Exercise requirements
Provide an exact copy of the data, excluding the images.

Stored data
= = = = =

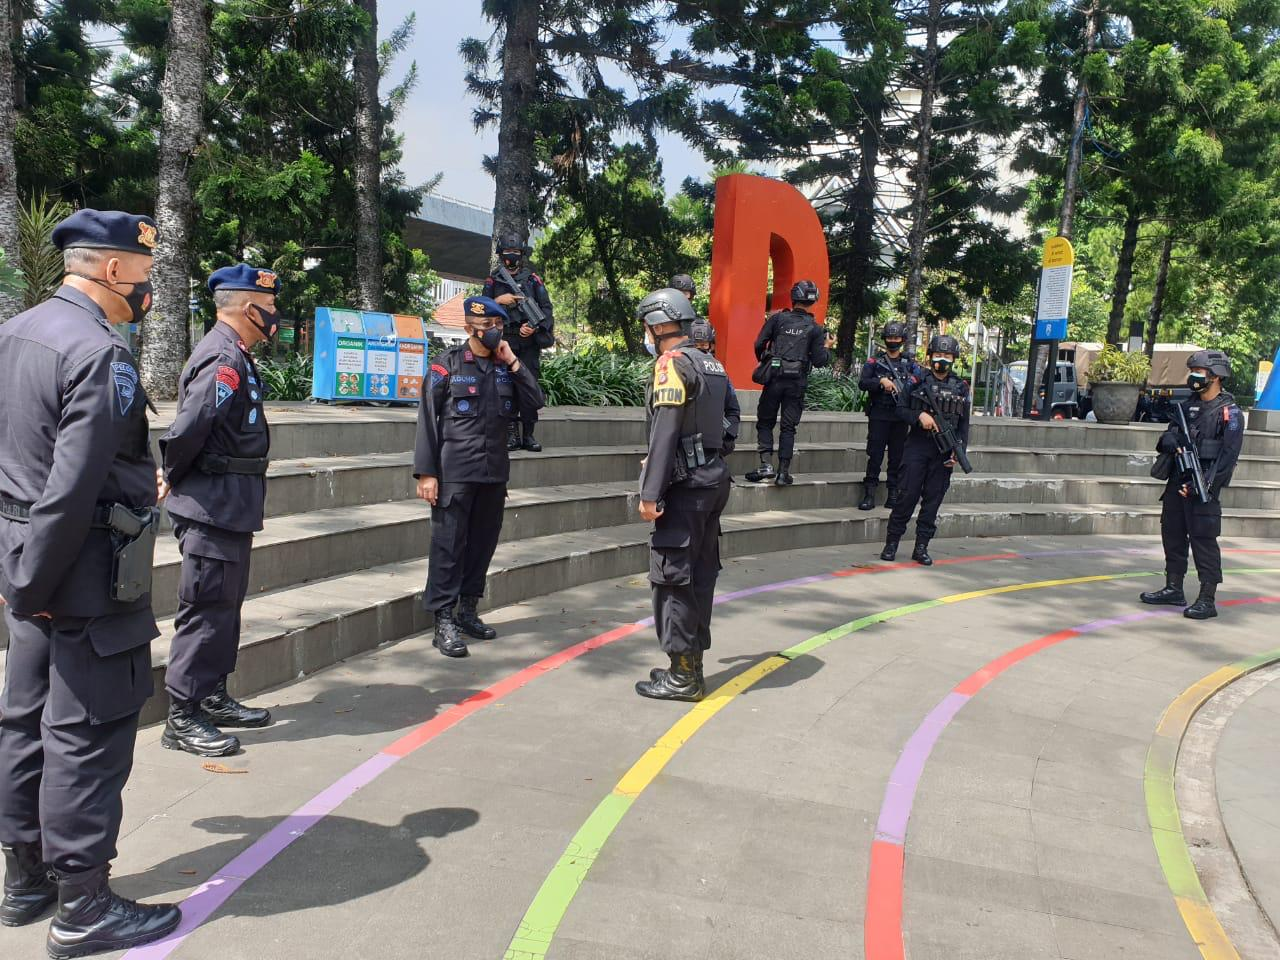 Jelang Tahun Baru, Wadansat Brimob Polda Jabar Cek Pos Pam Di Kota Bandung
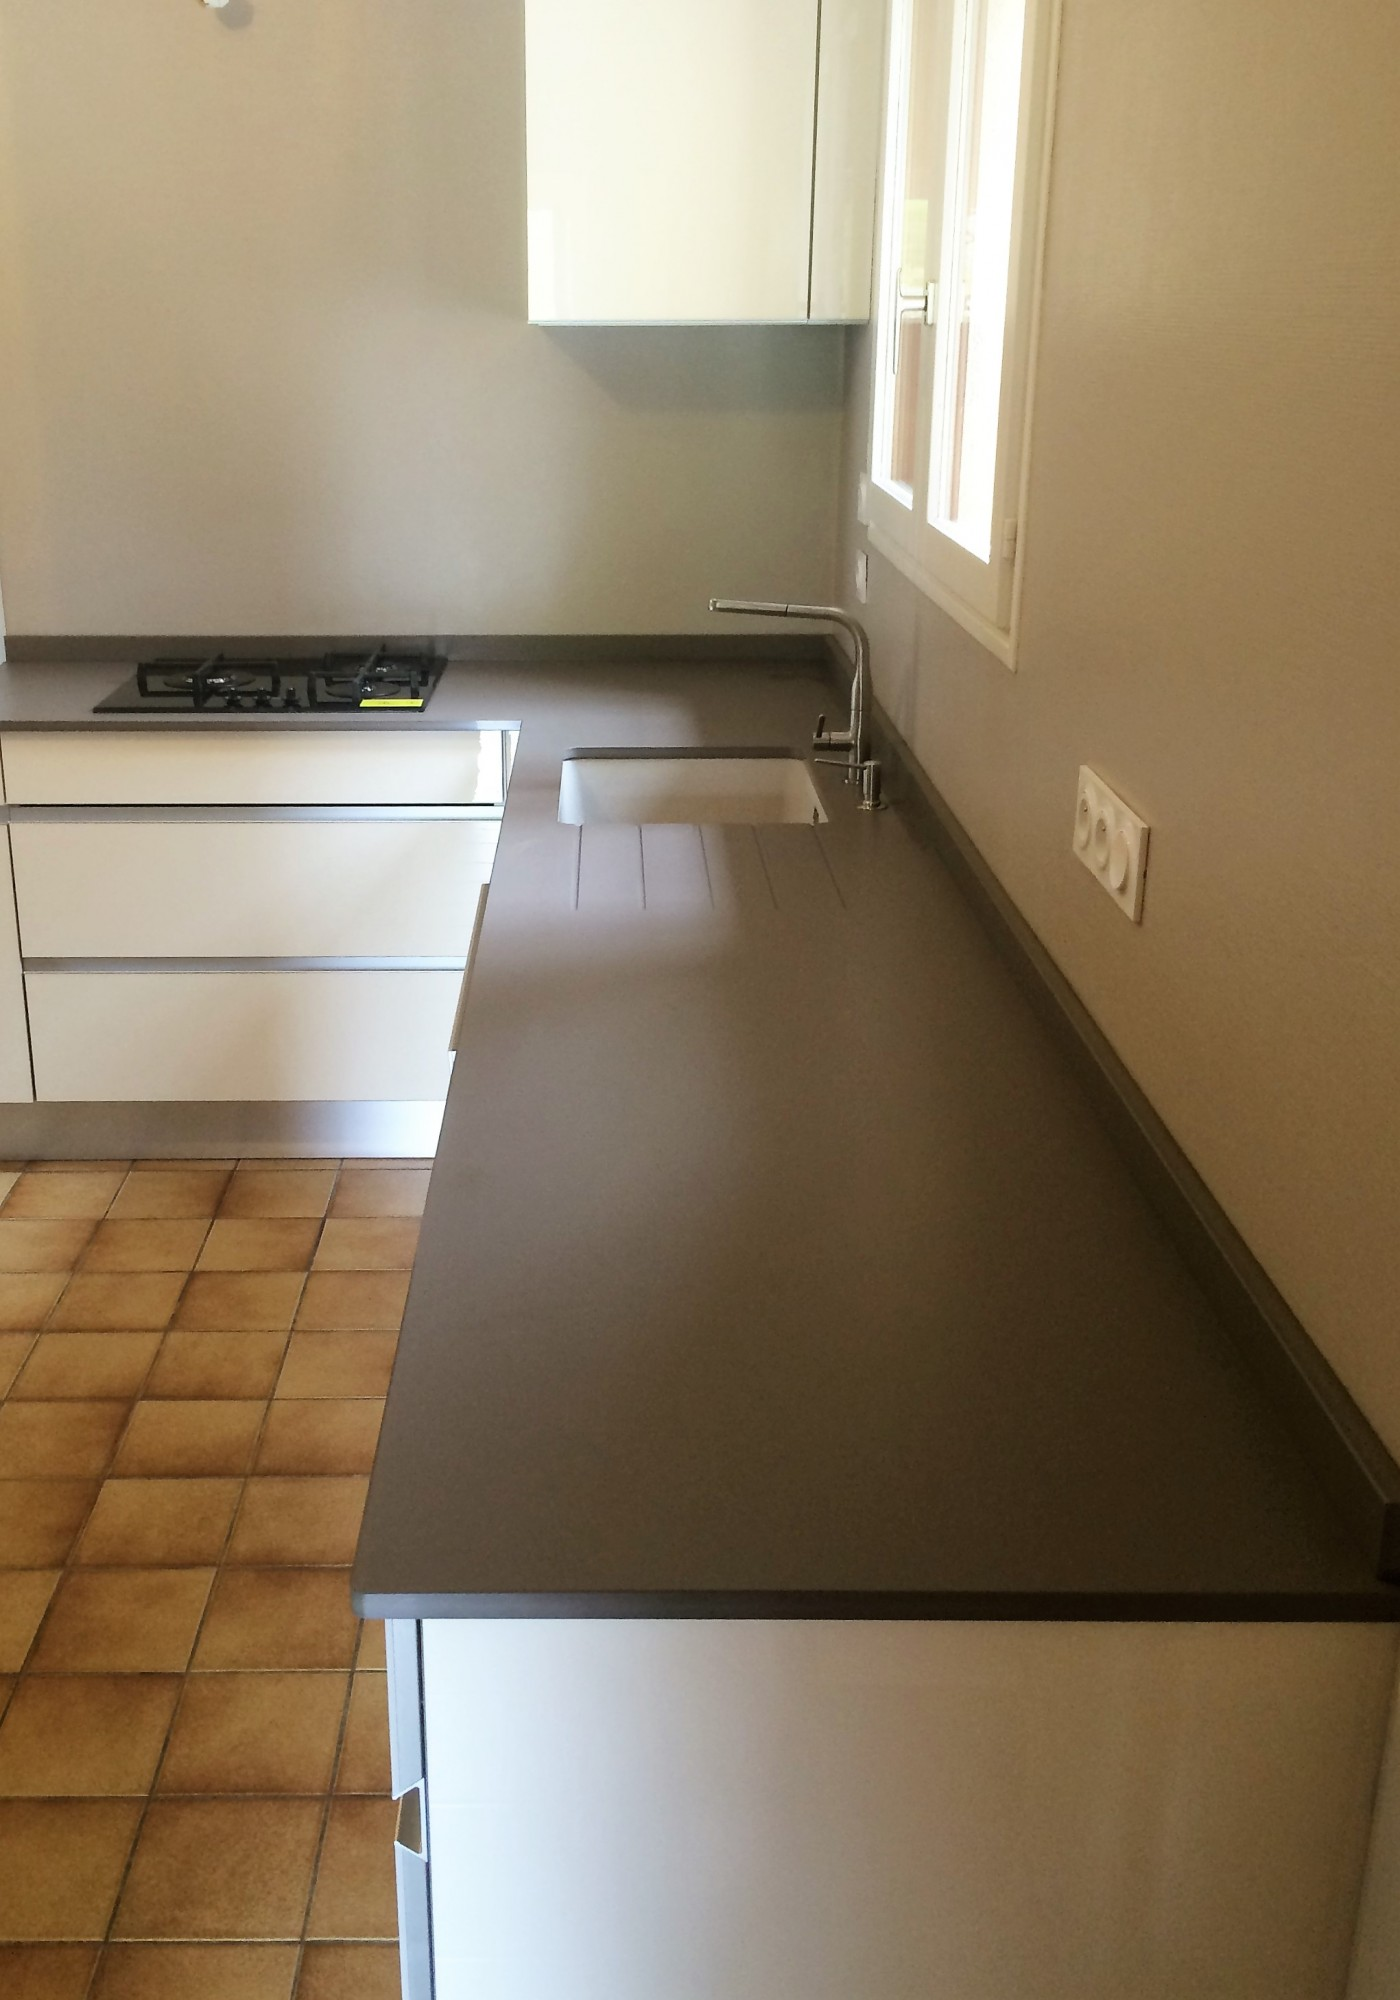 plan de travail dekton plan de travail en marbre with plan de travail dekton excellent plan de. Black Bedroom Furniture Sets. Home Design Ideas
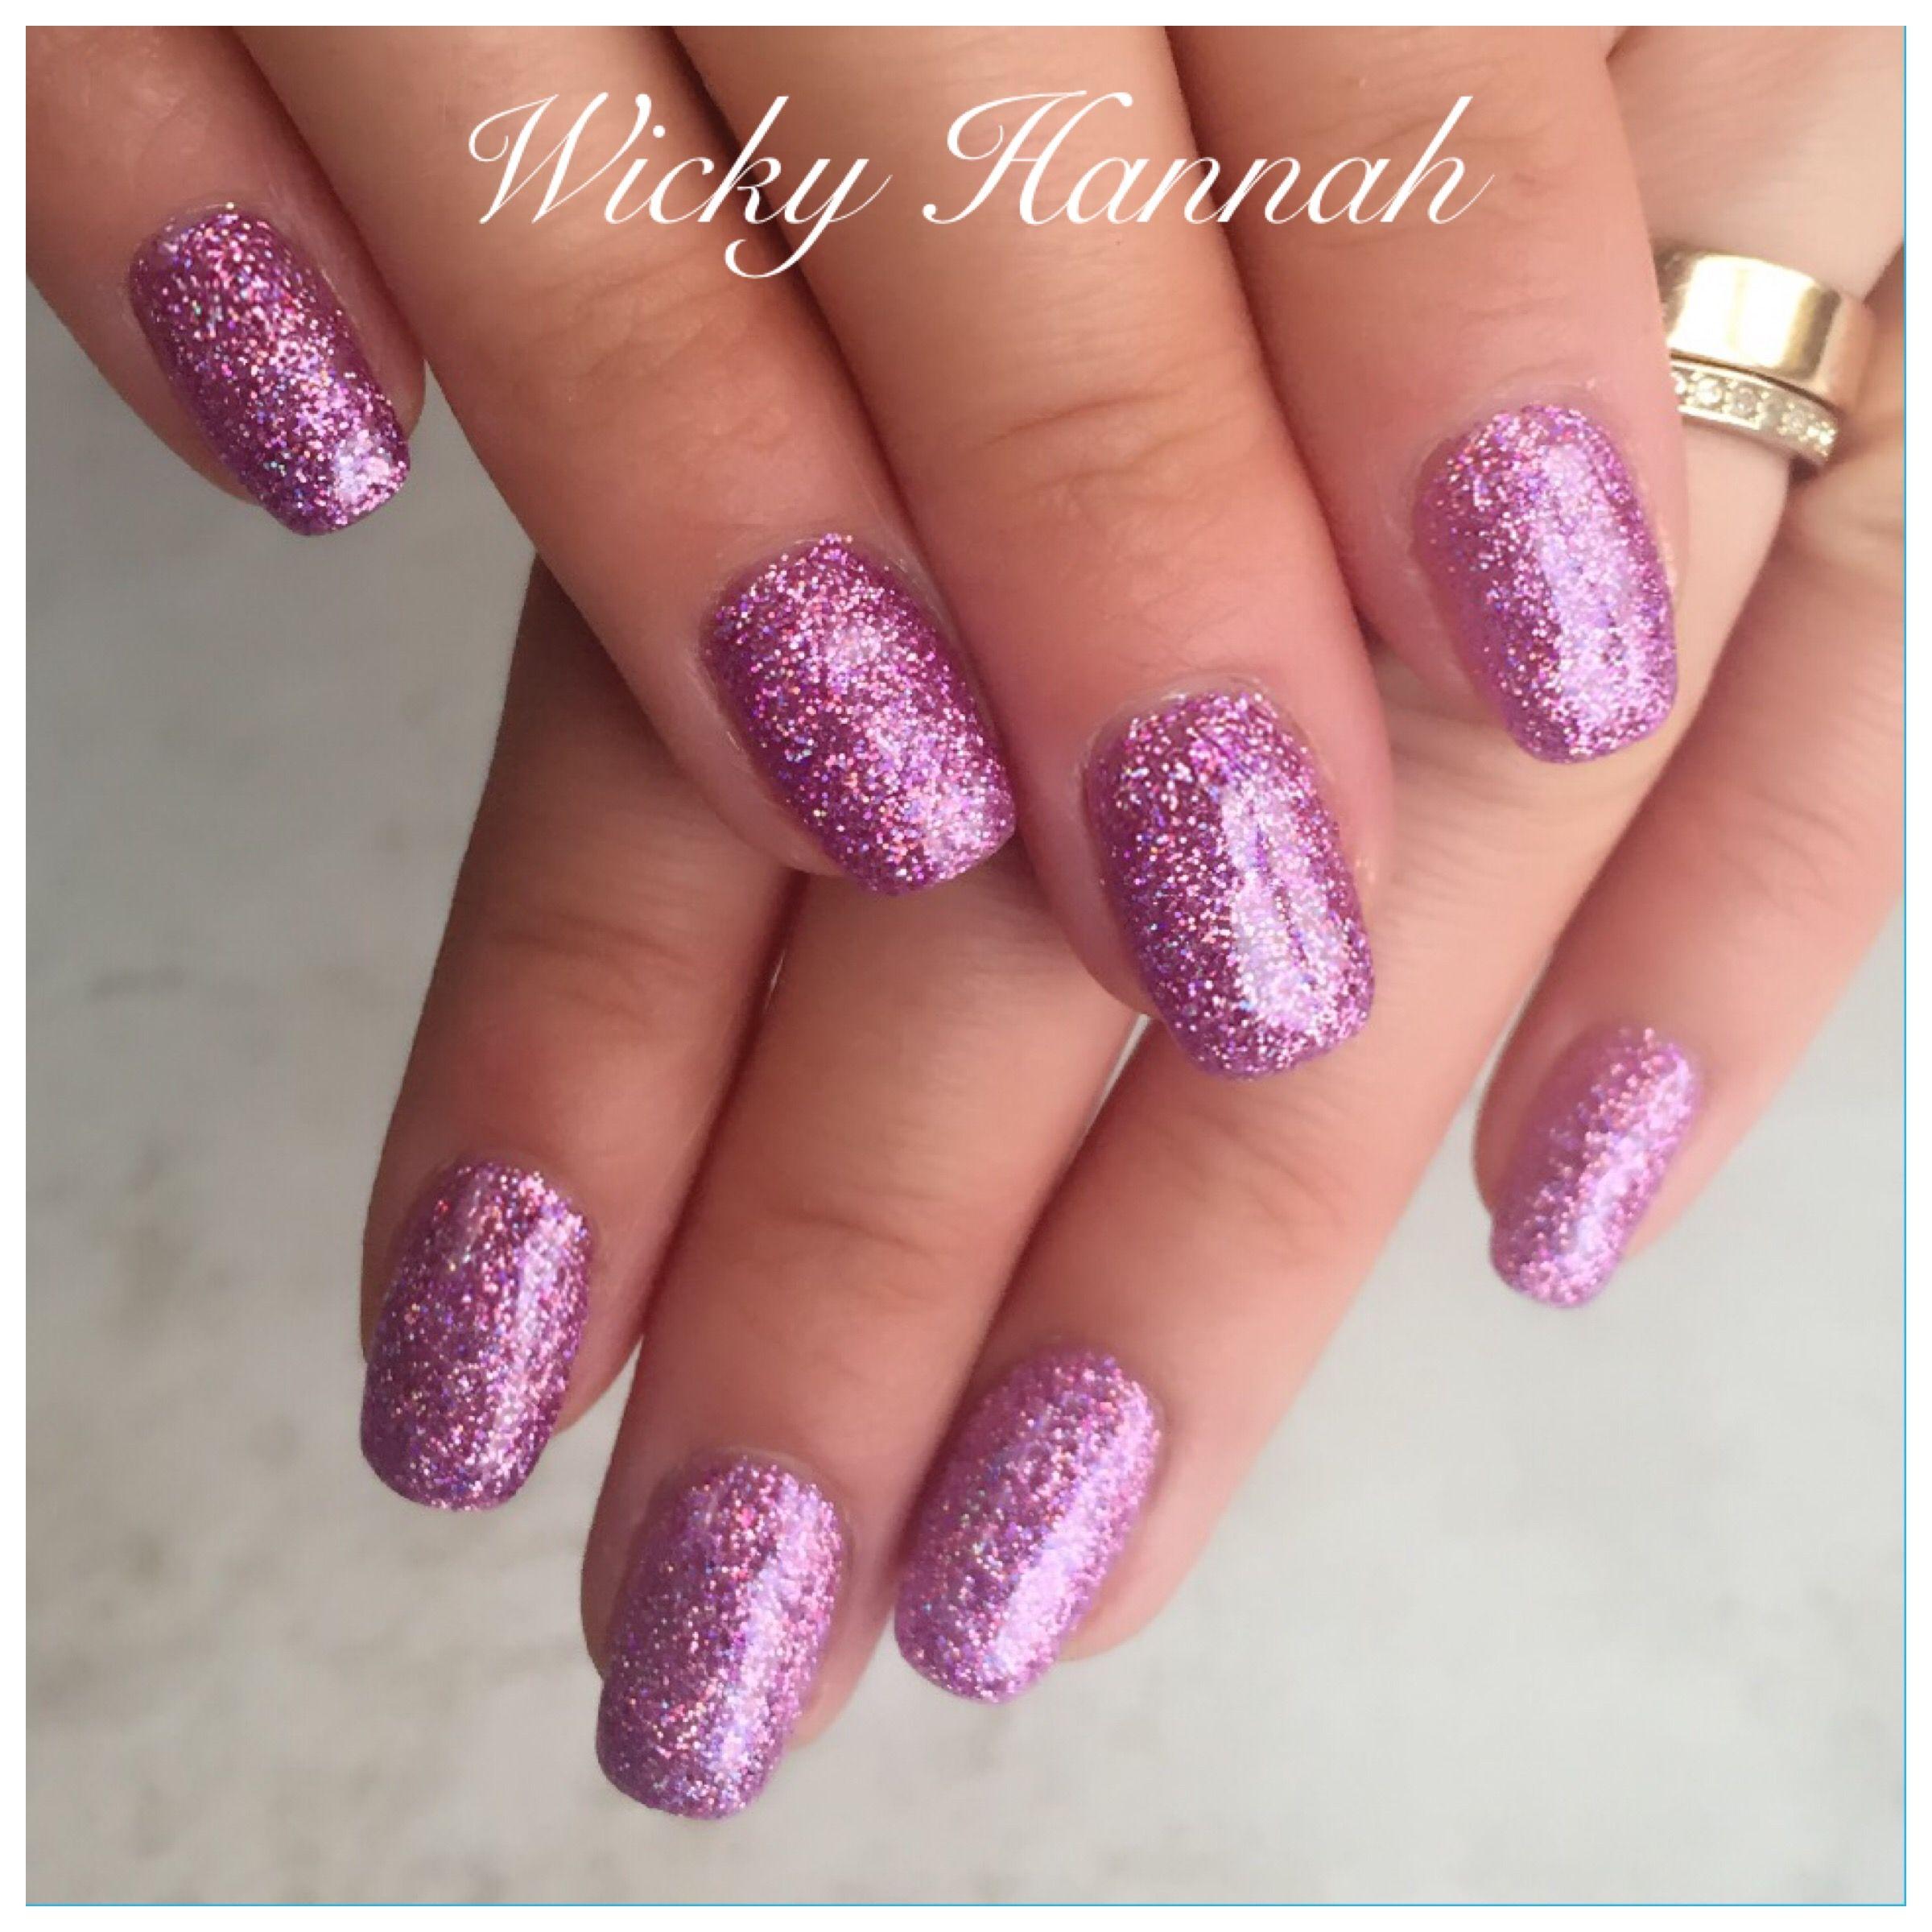 Holographic Purple Glitter Gel Polish   #wickyhannah #glittergelpolish #purpleglitter

= = = = =

Result
 Jelang Tahun Baru, Wadansat Brimob Polda Jabar Cek Pos Pam Di Kota Bandung
 plan de travail dekton plan de travail en marbre with plan de travail dekton excellent plan de. Black Bedroom Furniture Sets. Home Design Ideas
 Holographic Purple Glitter Gel Polish   #wickyhannah #glittergelpolish #purpleglitter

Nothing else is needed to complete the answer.